What Differences Are There Between The NPI Structure And The Barclays Life Arrangements?

The structure used by NPI now looks remarkably simple in the light of the Barclays structure. Adding a parent bank into the equation meant that there was more scope for accelerating the surplus out of the life insurer to meet the parent company’s financial requirements. As will be familiar from the NPI securitisation, the idea was for the proceeds of the notes issued to be on-lent to the parent company by way of contingent loan.

However, the Barclays plan involved an earlier set of transactions in order to pass the right to the emerging surplus and the value of that right out of the hands of the life companies. It would appear that Barclays made initial contingent loans amounting to £750 million to each of Woolwich Life and Barclays Life. These original contingent loans were then repaid to Barclays using proceeds generated from the transfer of the life assets (through the Part VII transfer) and through an Irish-incorporated special purpose reinsurer. This reinsurer was a subsidiary of Woolwich Life, called Barclays Reinsurance Dublin Limited ("BRDL"). BRDL entered into a reinsurance agreement with the life companies through which it has the right to receive the future surplus – an asset worth £750 million and providing the life companies with sufficient funds to enable the contingent loan of £750 million to be repaid. In order to fund BRDL, Barclays then made a further contingent loan of £750 million, BRDL having a receivable in the shape of its right to the BLAC emerging surplus. The stage was then set for the securitisation.

Briefly, Gracechurch Life Finance p.l.c. ("Gracechurch") issued £400 million notes, and received a subordinated loan of £350 million from Barclays.
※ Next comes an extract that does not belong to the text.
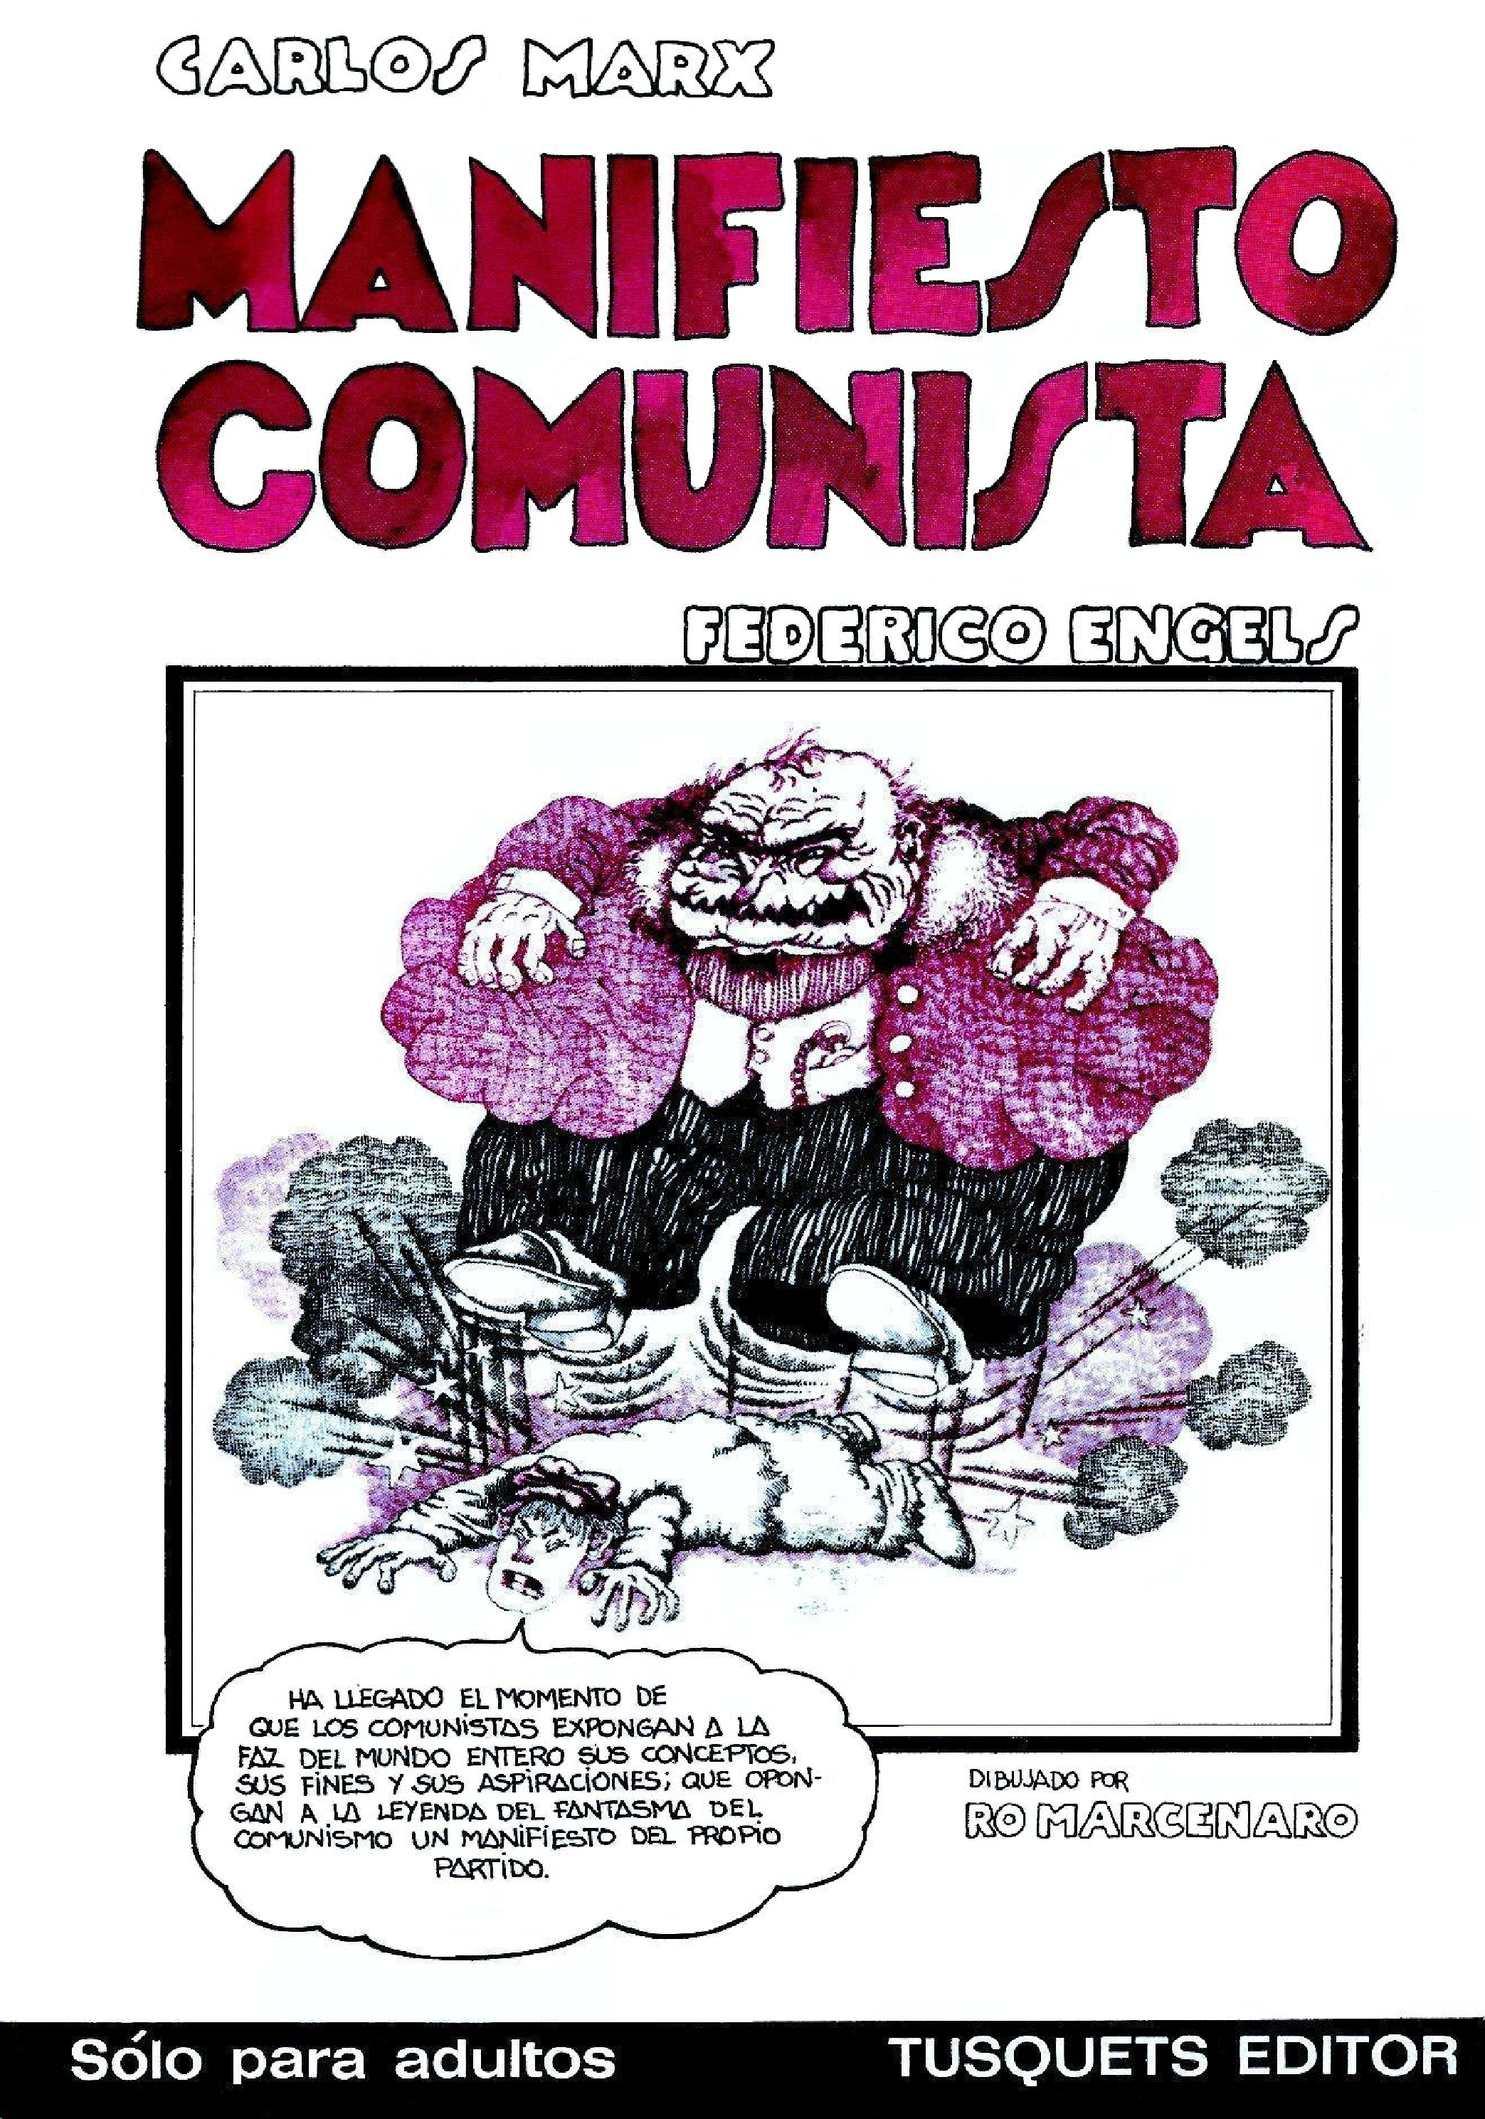 Manifiesto Comunista Mark y Engles comic

The notes were guaranteed by Ambac Assurance UK Limited, and supported by the £750 million of expected surplus (the rights to which were in the hands of BRDL). The bonds were given a AAA rating. The proceeds of the issue of notes and the loan were in turn lent by Gracechurch to BRDL enabling it to repay the contingent loan to Barclays. Under its reinsurance agreement with BLAC, the cash stream created from the future profits on the closed books of business of BLAC is paid via BRDL to Gracechurch as the issuer of the notes. Payment of principal and interest on the £400 million notes is thus to be made entirely out of the cash stream so created.
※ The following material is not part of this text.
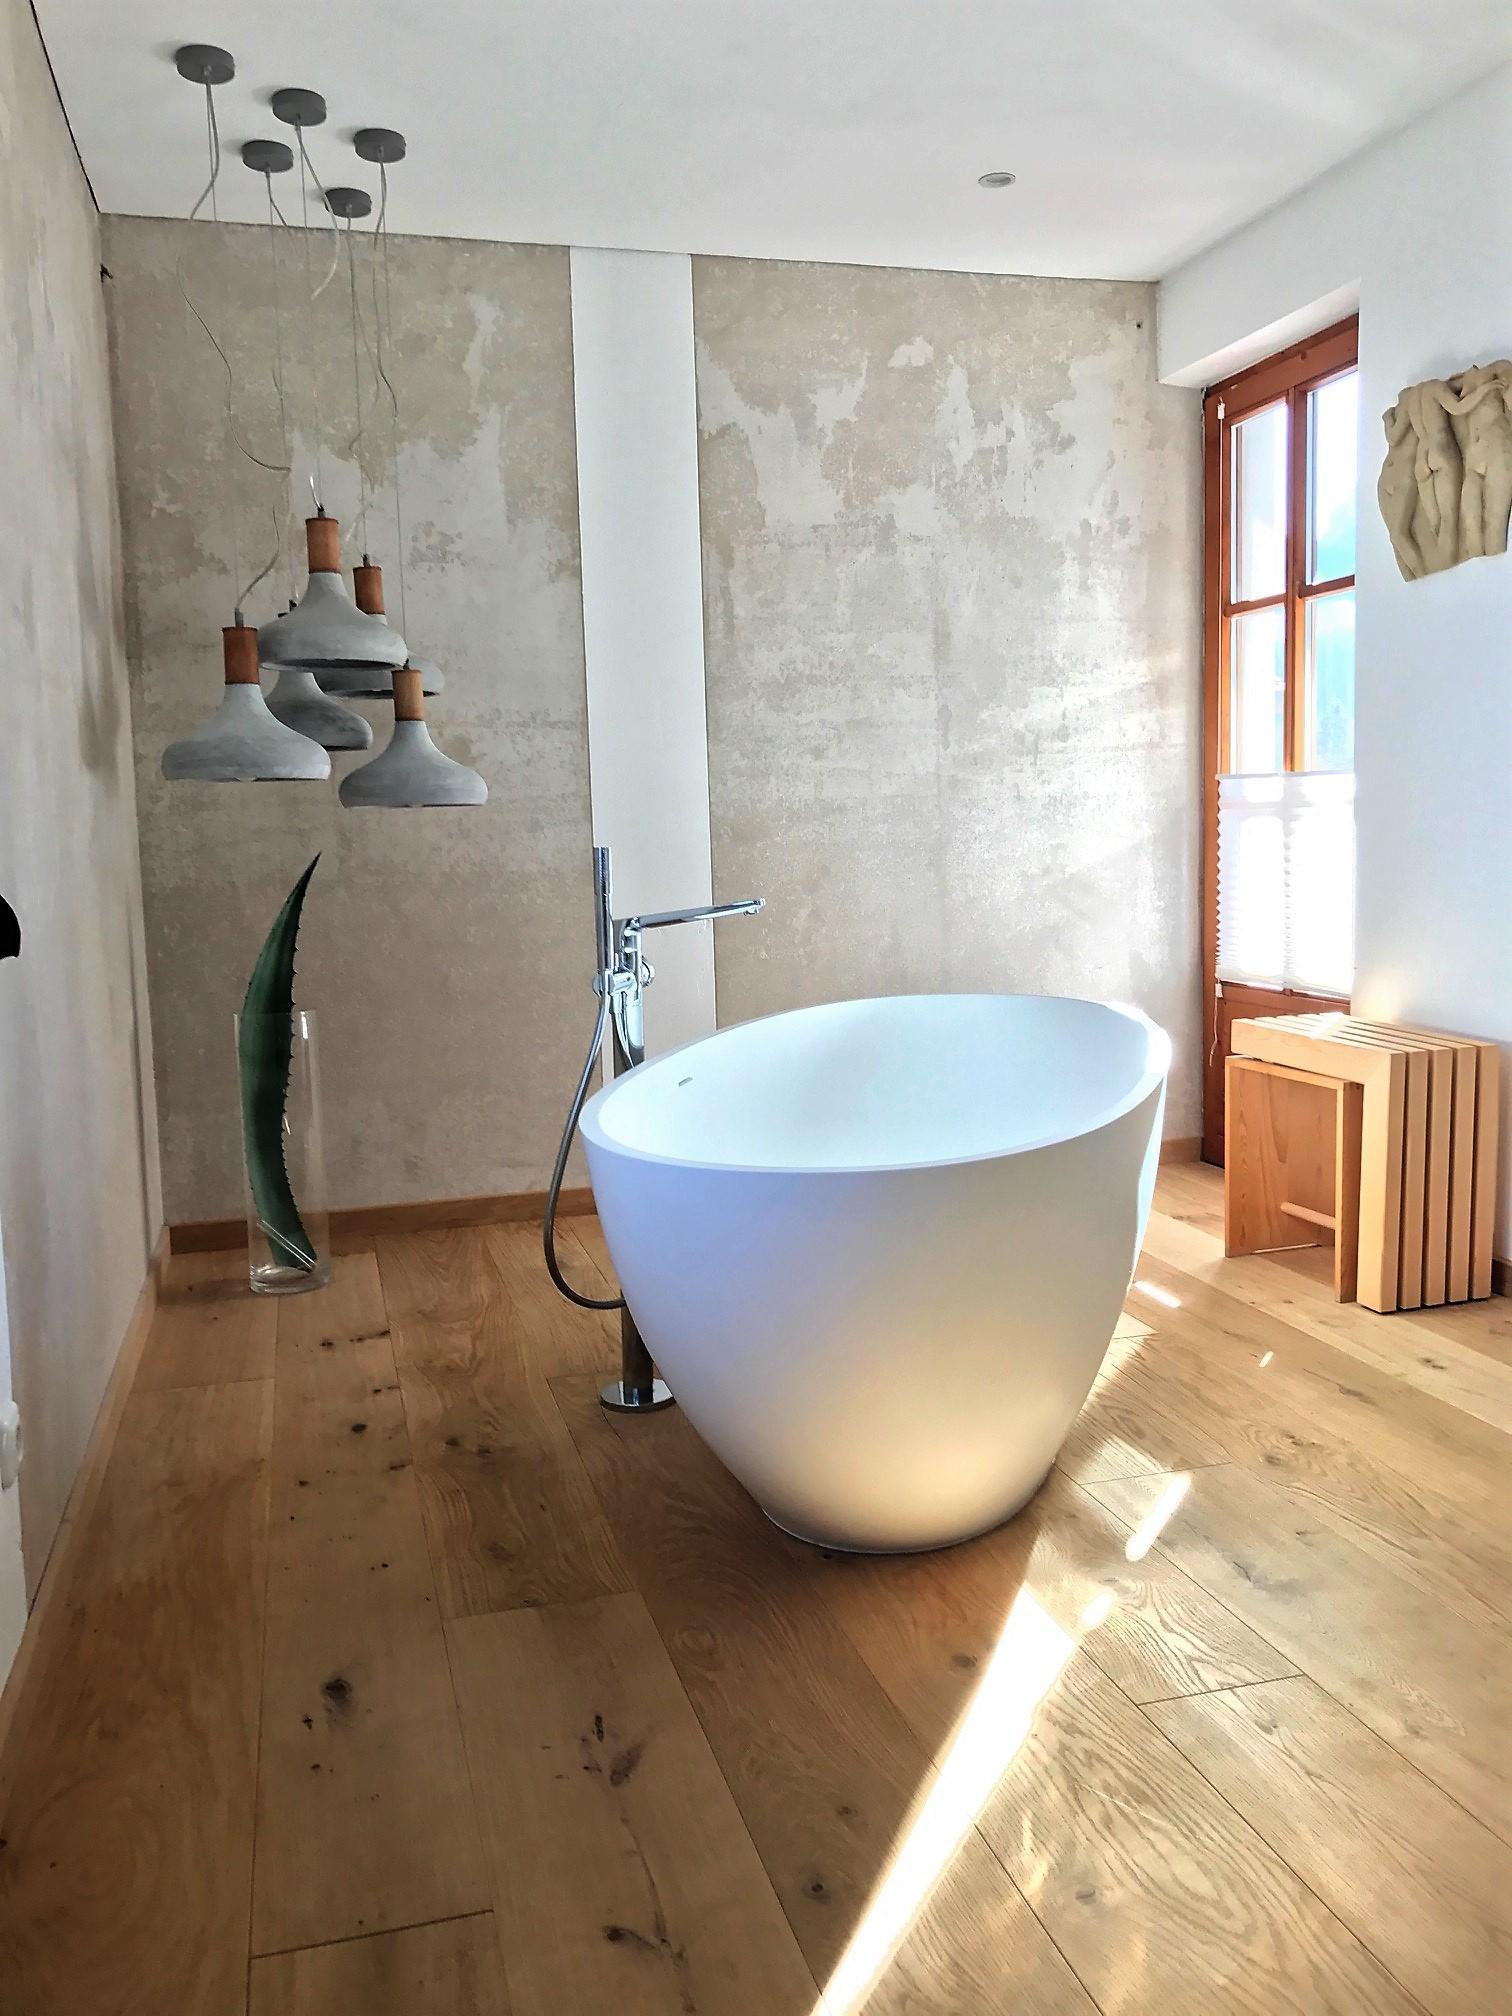 Freistehende Badewanne • Bilder & Ideen • COUCHstyle

In determining its regulatory solvency position, BLAC is able to take into account the reinsurance effected under the reinsurance agreement, while transferring some of its risk. The anticipated surplus arising is considerably in excess of the value of the bonds, providing a further level of security to the bond holders. Claims are to be paid first by BLAC and only when its appropriate funds have been exhausted will the reinsurance be accessed.

Whereas the NPI arrangements had securitised only the surplus emerging on a specific book of unitlinked and unitised with profits policies, BLAC (whose business was in run off) securitised the surplus emerging on its entire closed book of business. A wider variety of insurance contracts were therefore covered needing substantial analysis of the financial consequences for each type of policy and risks relating to the emergence of a stream of surplus. The Barclays securitisation therefore extended the principles established by the NPI securitisation to other forms of long term business.

Thanks to the transaction, it would appear that Barclays was able to reduce the amount of regulatory capital it was required to maintain at the bank level in relation to its life subsidiaries, since following the securitisation, Barclays is only providing £350 million subordinated loan notwithstanding that £750 million worth of future surplus has in effect been accelerated.

Conclusion

Once again, it could be that securitisation may offer European insurance and bancassurance groups looking to find new ways of raising capital an alternative to subordinated debt and equity.